ASSIGNMENT:
The required output is a verbatim transcription of the listing, pictures excluded.
Start of AVAILABLE DATA
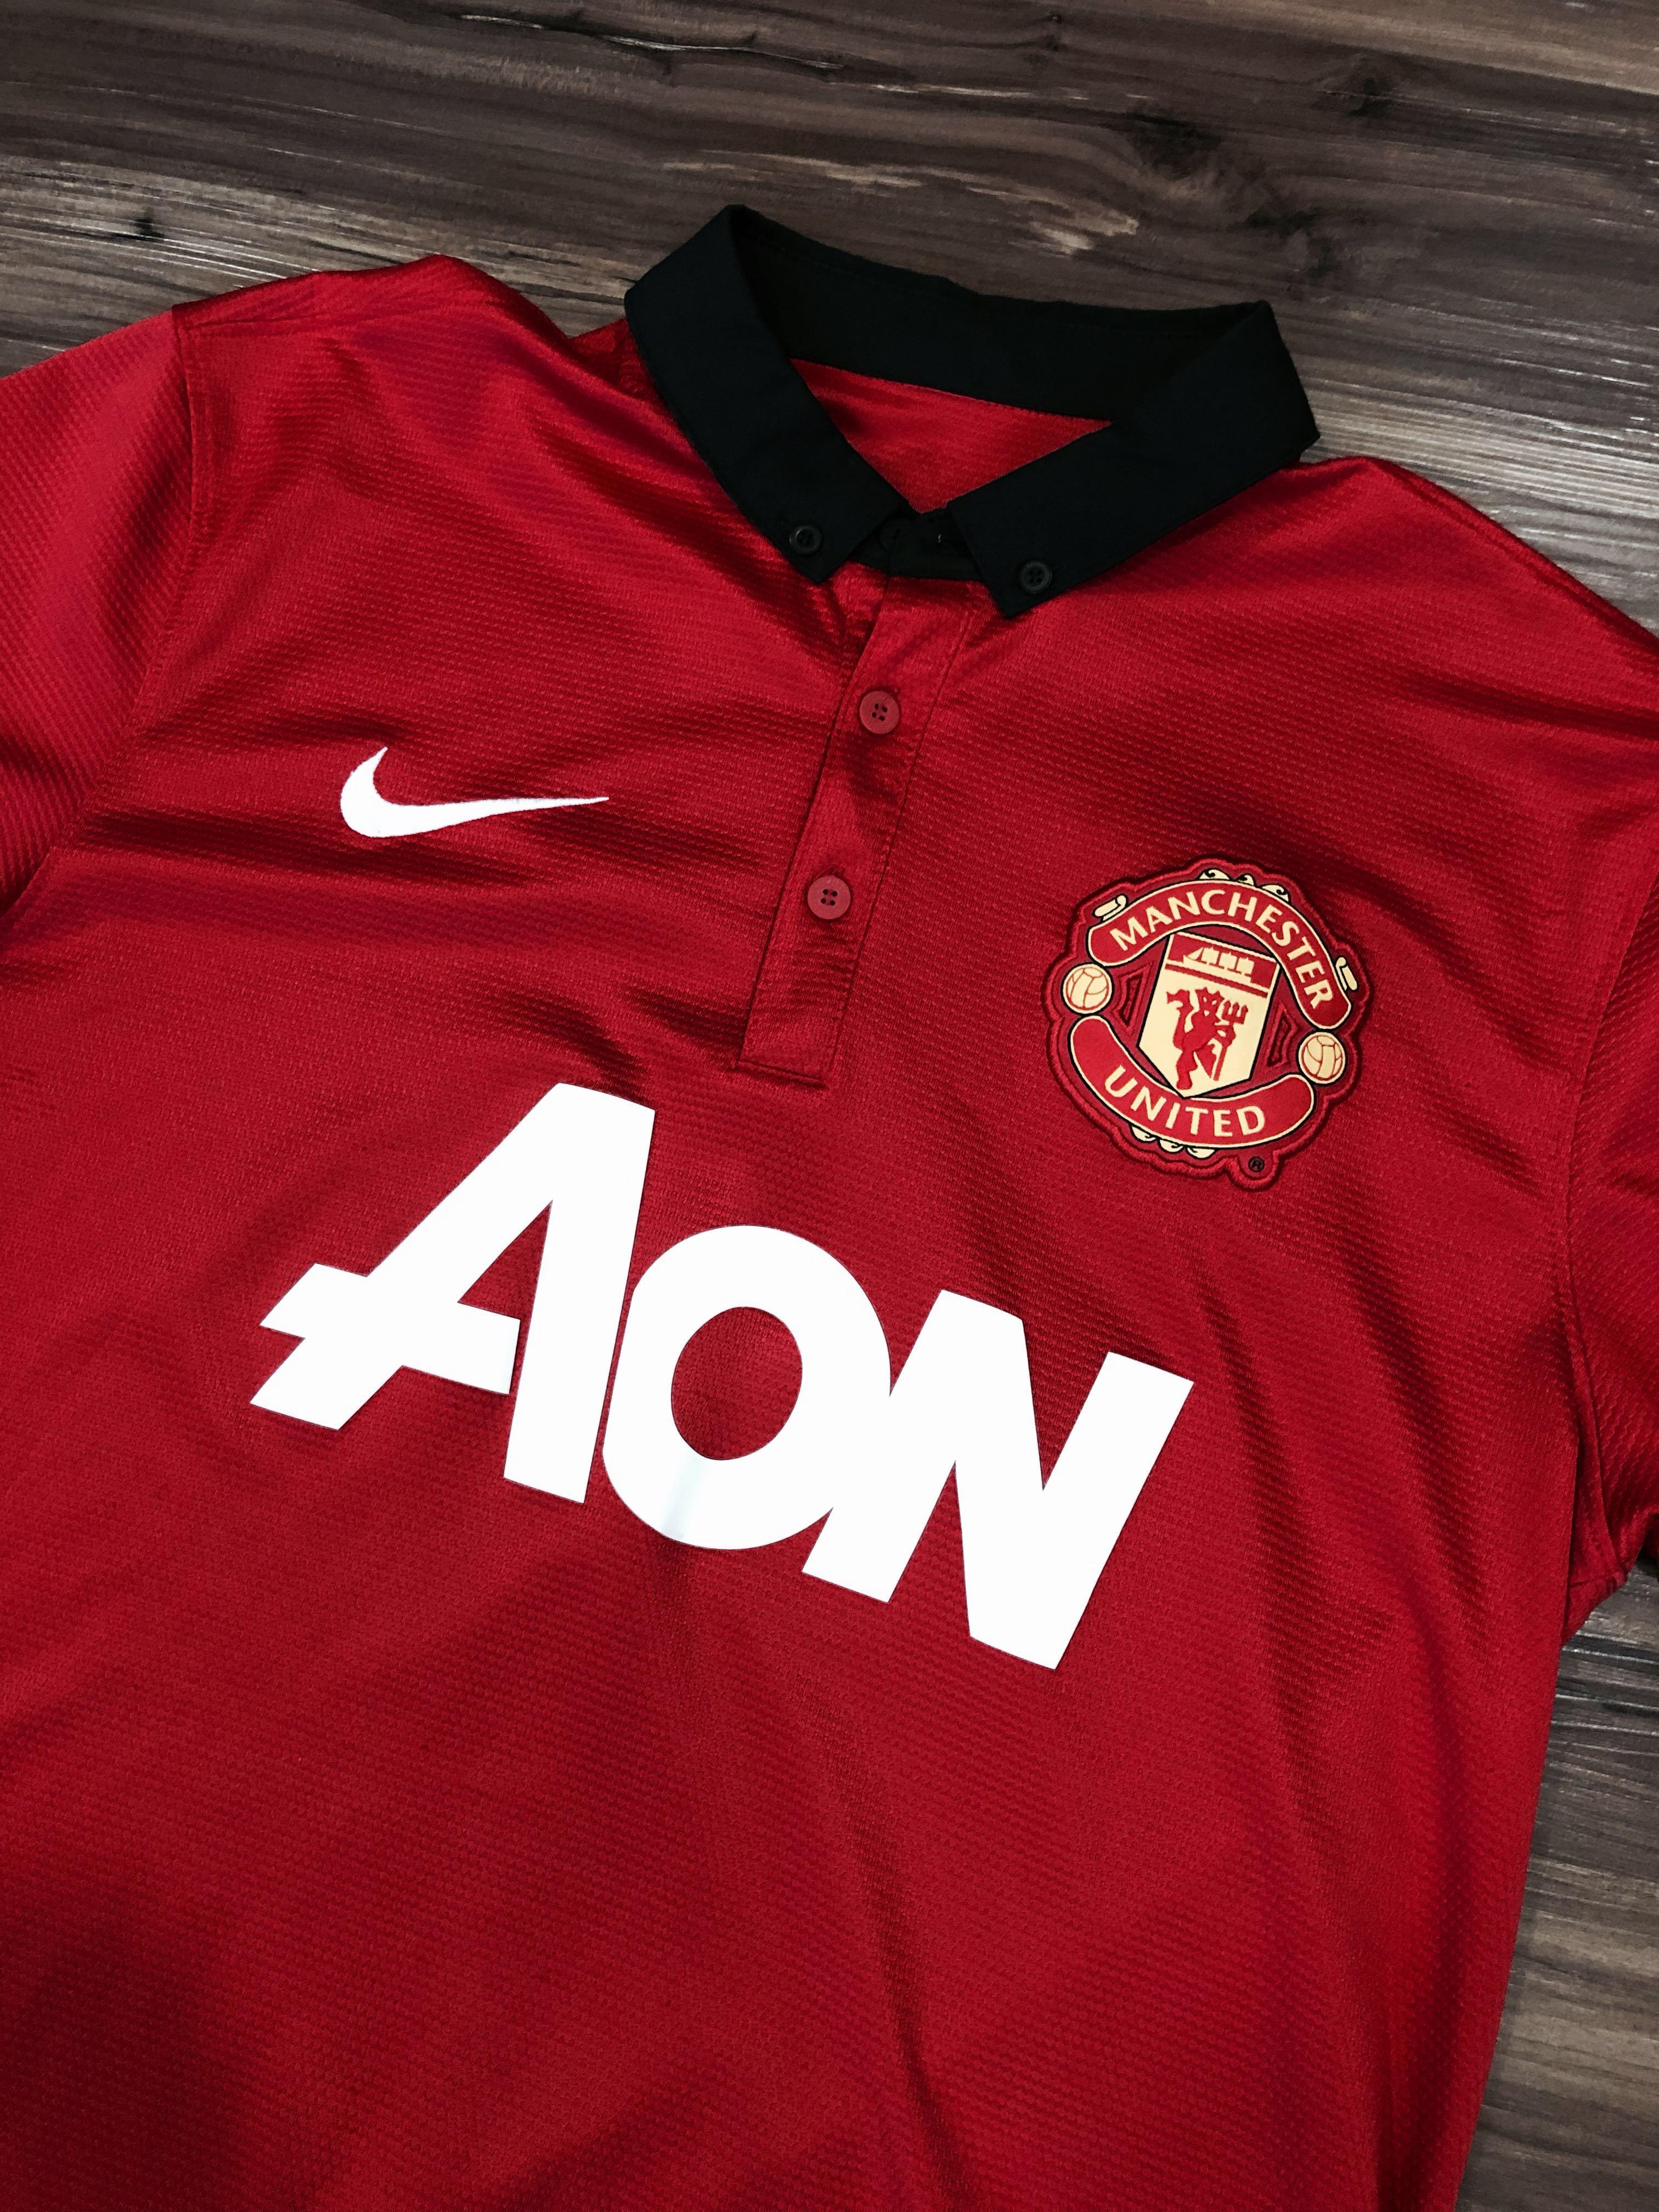 Manchester United Kit 2013 14
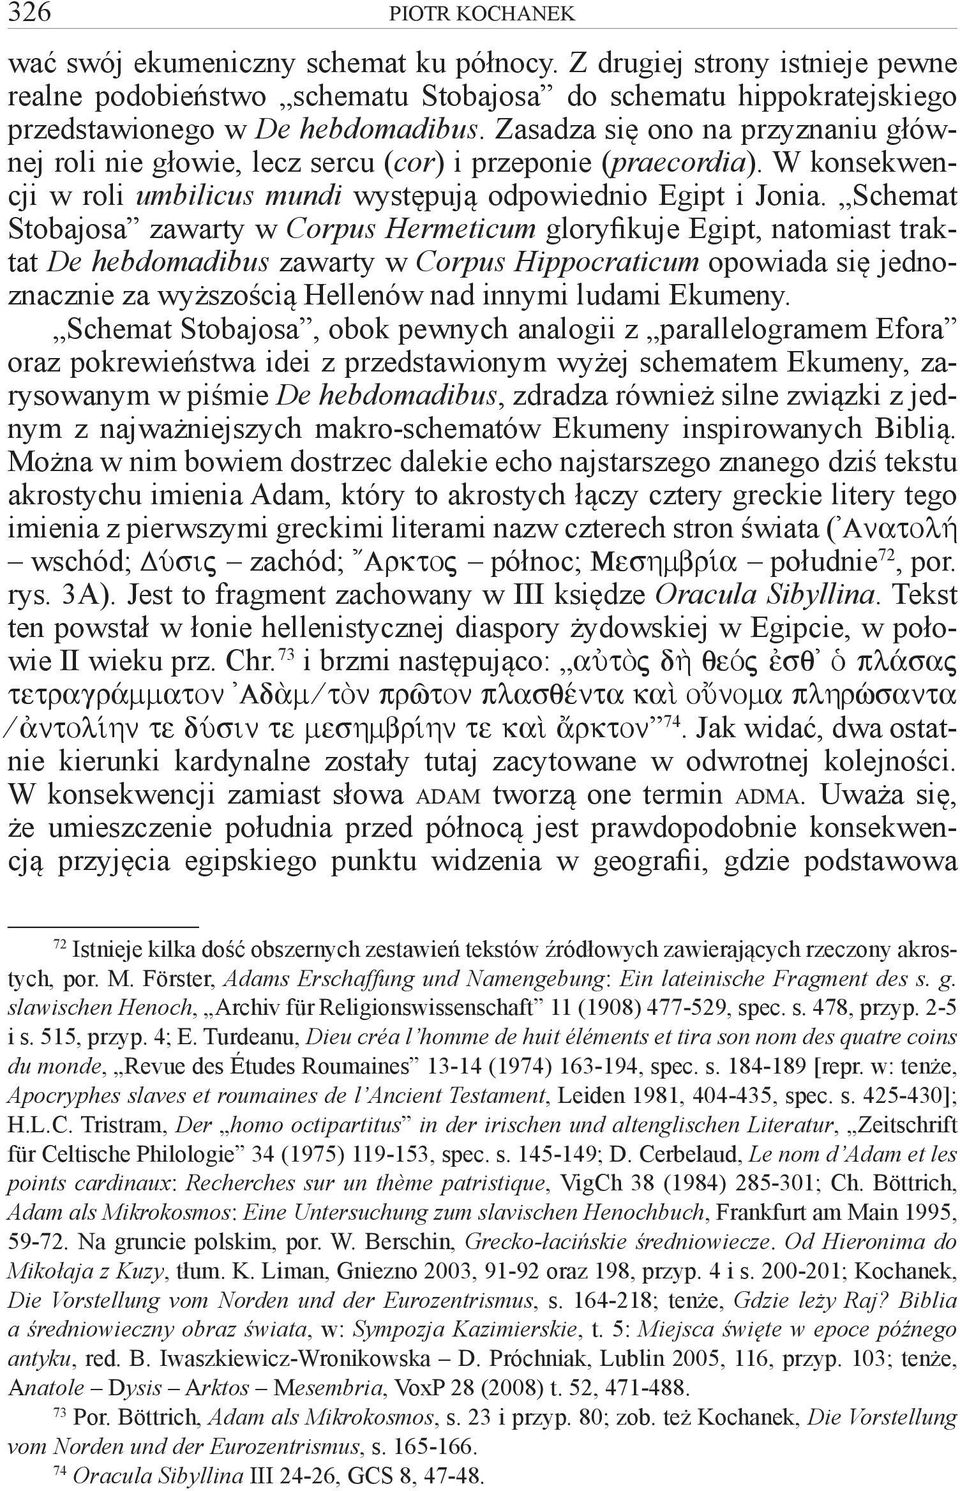 Schemat Stobajosa zawarty w Corpus Hermeticum gloryfikuje Egipt, natomiast traktat De hebdomadibus zawarty w Corpus Hippocraticum opowiada się jednoznacznie za wyższością Hellenów nad innymi ludami
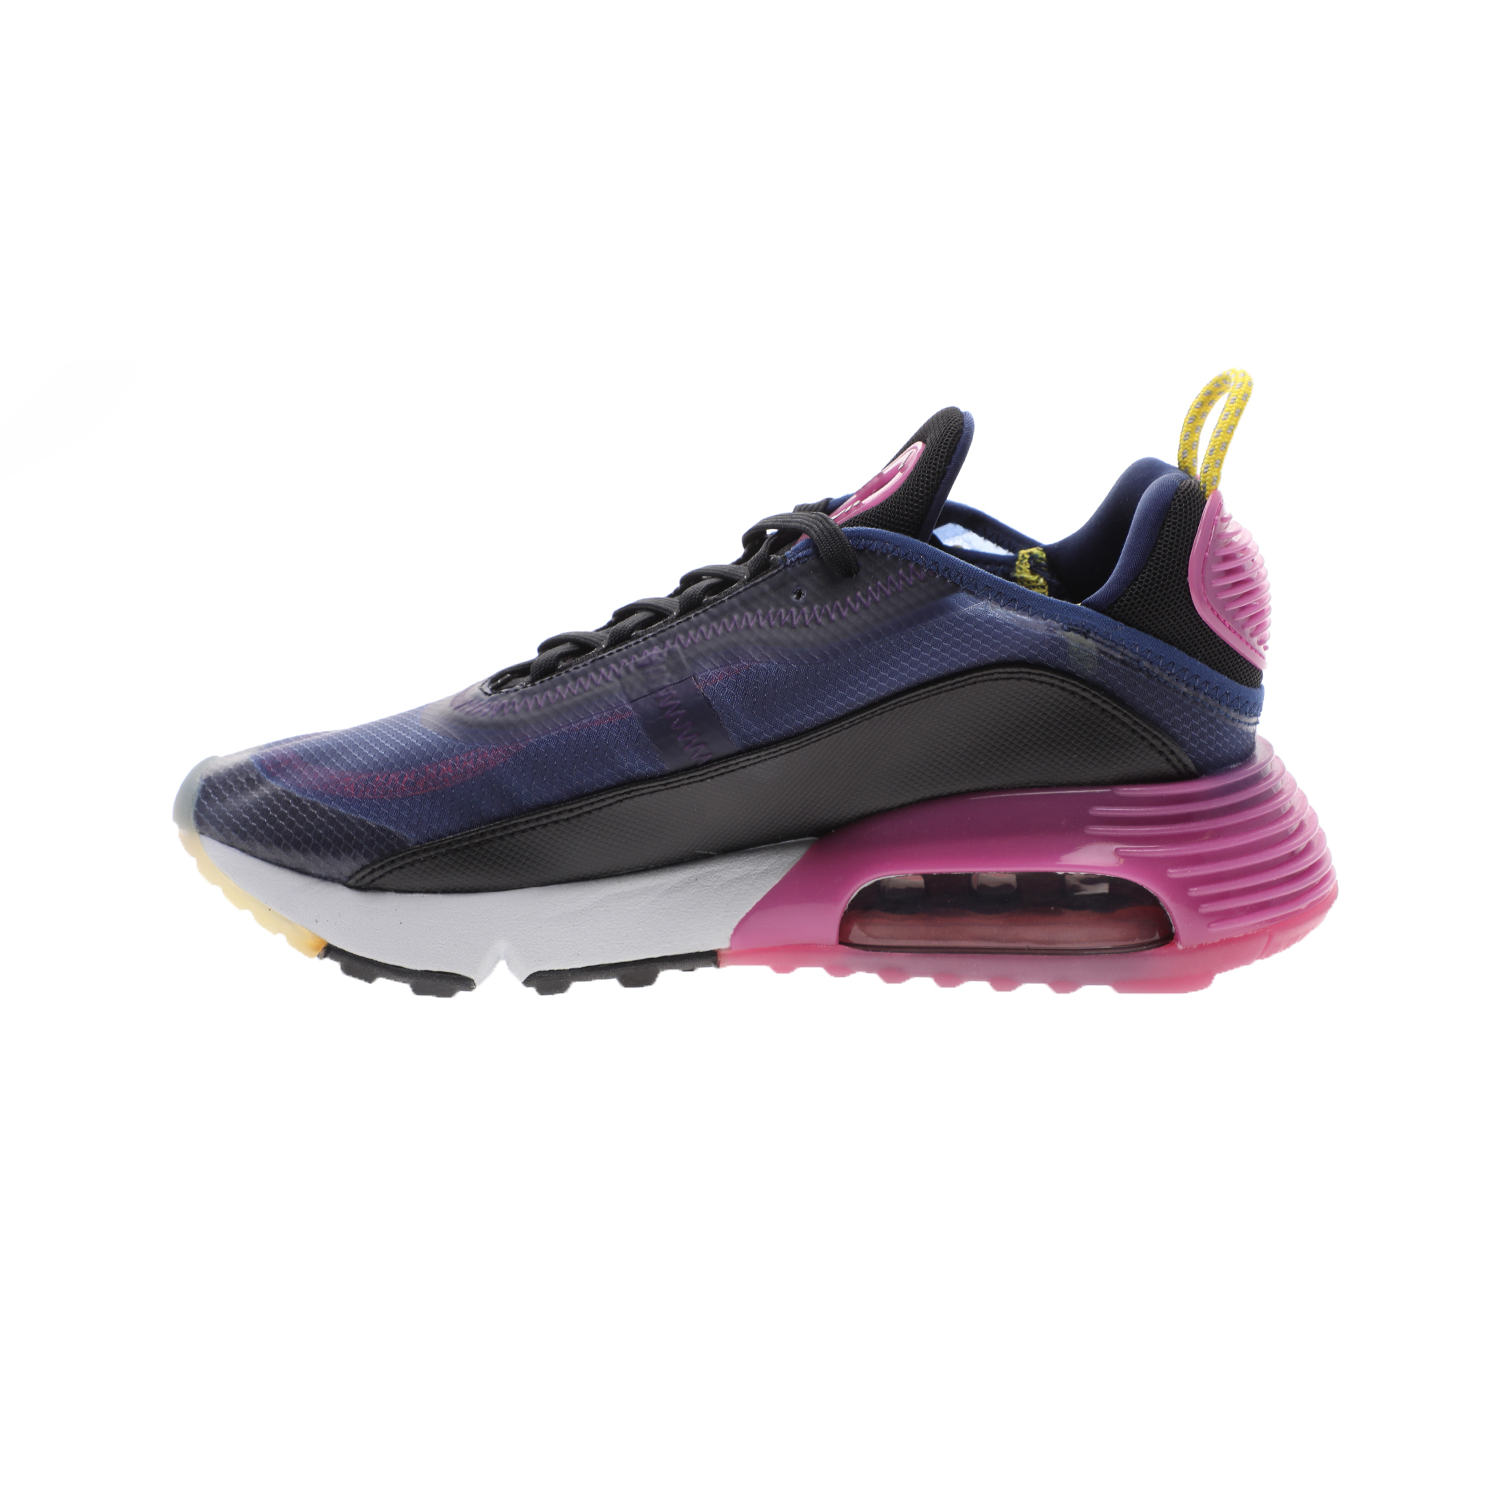 Γυναικεία/Παπούτσια/Αθλητικά/Running NIKE - Γυναικεία παπούτσια running ΝΙΚΕ AIR MAX 2090 μπλε
End of AVAILABLE DATA
TASK SOLUTION:
 Manchester United Kit 2013 14
 Schemat Stobajosa zawarty w Corpus Hermeticum gloryfikuje Egipt, natomiast traktat De hebdomadibus zawarty w Corpus Hippocraticum opowiada się jednoznacznie za wyższością Hellenów nad innymi ludami
 Γυναικεία/Παπούτσια/Αθλητικά/Running NIKE - Γυναικεία παπούτσια running ΝΙΚΕ AIR MAX 2090 μπλε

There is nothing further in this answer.